From Cute, by Kitty Hauser in the London Review of Books, Vol. 26 No. 8, April 15 2004.
“It is characteristic of subcultural style that it should resist the interpretations of outsiders. The signs emblazoned across the bodies of these Japanese teenagers speak in code to those who inhabit the same world of meaning; that, in one sense, is the point. But more than this, the broader ‘meaning’ of style is not something that can be read off its surface. If cute means anything, it isn’t going to be what it seems to mean. It isn’t, for example, necessarily juvenile to dress like a child.

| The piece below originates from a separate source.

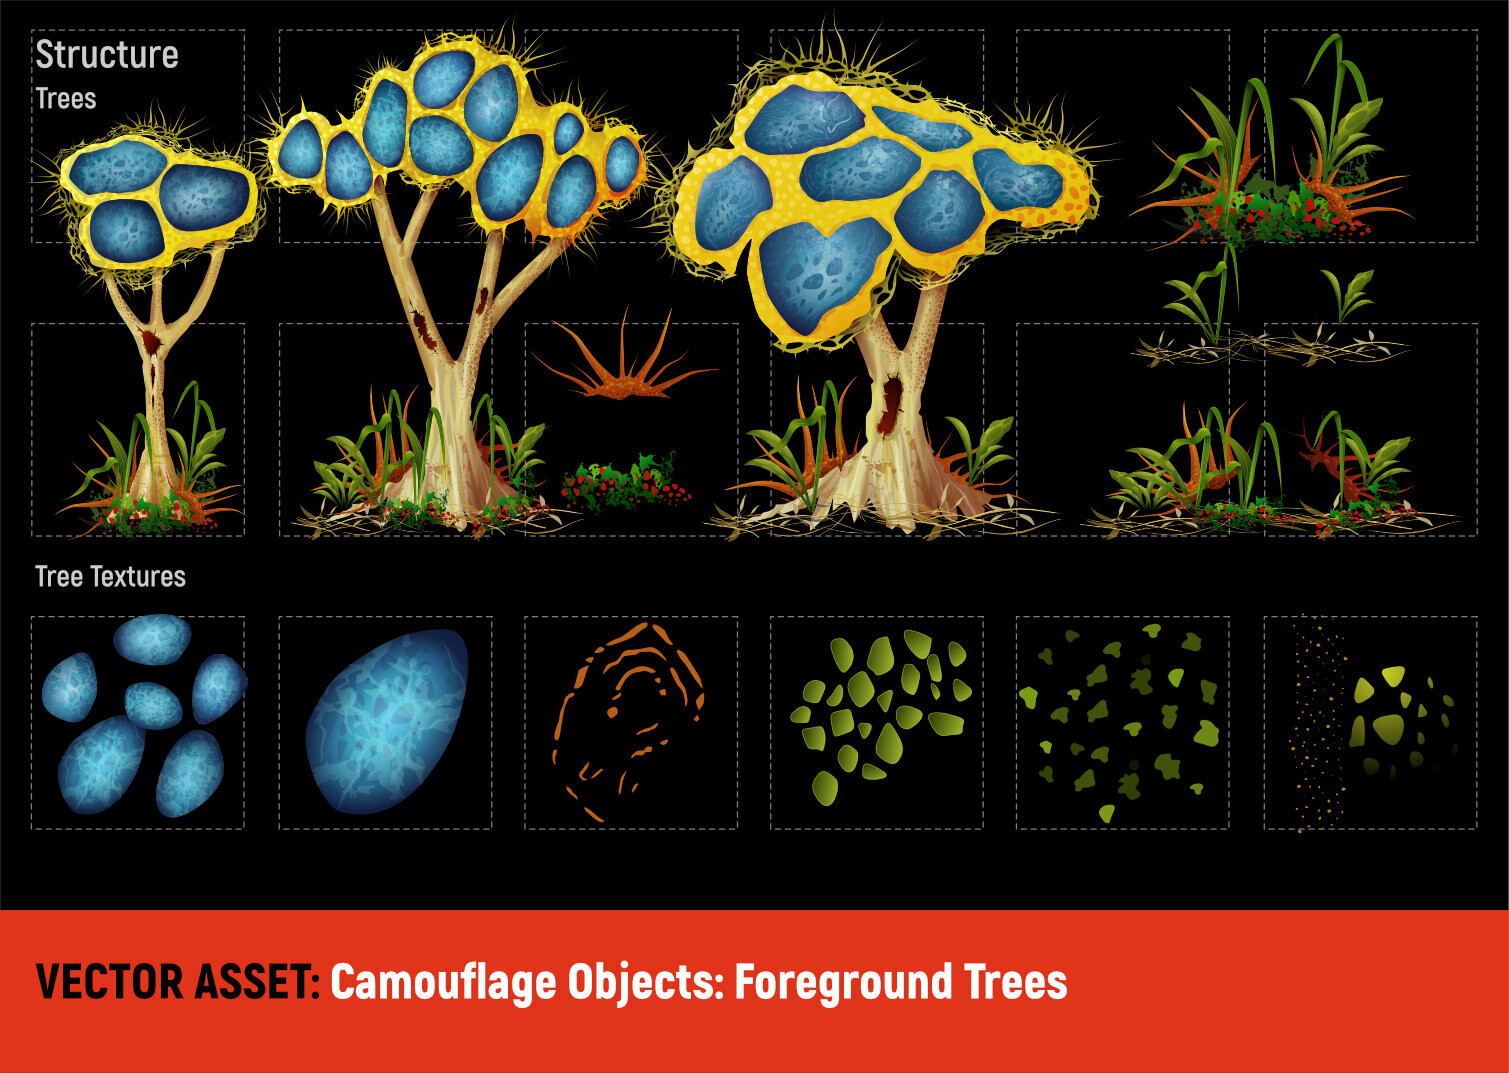 Vector Assets
Camouflage I Objects: Foreground Trees

Nor does dressing up at the weekend necessarily betray a desire to be ‘someone else’. Most important, the deliberate dumbness of many of the youngsters in Fruits doesn’t necessarily mean they have nothing to say, or that they are saying nothing by acting dumb.
Cute culture has thrown [Donald] Richie and other writers off track because it doesn’t conform to what the baby boomer generation expects of youth culture. Cute is not rebellious — at least not in any obvious way. It isn’t cool. It doesn’t seem to be about sex. It doesn’t want to overthrow capitalism — cute is hooked on brand-names. It is cosy, not angry. And despite the apparently unique get-ups in Fruits, it isn’t really about individuality: Richie points out with a triumphant air that the most outlandish sartorial affectations are widely copied, as if this were proof of a lack of imagination in this nation of conformists, rather than simply in the nature of subcultural style the world over. Cute is evidently rather disappointing and embarrassing to writers such as Alex Kerr, who, in Dogs and Demons (2001), sees it as one of many depressing symptoms of Japan’s decline. Whatever we might think of grown women in lacy ankle-socks and Barbie handbags or young men wearing tiny school uniforms, we ought to take them seriously, not least because cute culture is spreading. Sanrio, the company responsible for Hello Kitty, Little Twin Stars and a host of other cuties, has a billion-dollar turnover, much of it derived from the lucrative licensing of products from T-shirts to sex toys. These characters have a huge demographic appeal in many parts of the world, with or — increasingly — without the gloss of camp irony which justifies their consumption in some quarters. And it must mean something when large numbers of young people dress in ways which twenty years ago would have been considered more suitable for children.
Richie would have done well to read the work of Sharon Kinsella, whose writing on cute is free from the preconception that youth culture ought to be an authentic expression of individuality. On the contrary, according to Kinsella, cute style betrays a lack of confidence in the very notion of the individual, and cannot muster the energy and optimism necessary for rebellion. It is a soft revolt. It seems that becoming an adult is not an attractive option to these burikko (‘fake children’) when it is associated with the responsibilities and obligations of work and family. This is a generation of ’freeters’ (the word comes from ’free arbeiter’) who have rejected the stringent work patterns of their parents, even when they are available, as they often are not in the current economic climate. Acting and dressing like children represents their refusal of the adult world: as Kinsella writes, cute style ‘idolises the pre-social’. Cute is a kind of rebellion, then, but its retreat to the imagery of childhood indicates that there is no alternative to the adult world except a deliberate regression to this one remaining realm of freedom. Seen in this way, cute style is bleak: it allows no looking forward to a future, either for individuals or for society. In this sense it is far darker than punk, which had an energy and rage that promised action, if not social change. Cute disguises its pessimism and political inertia as winsomeness.”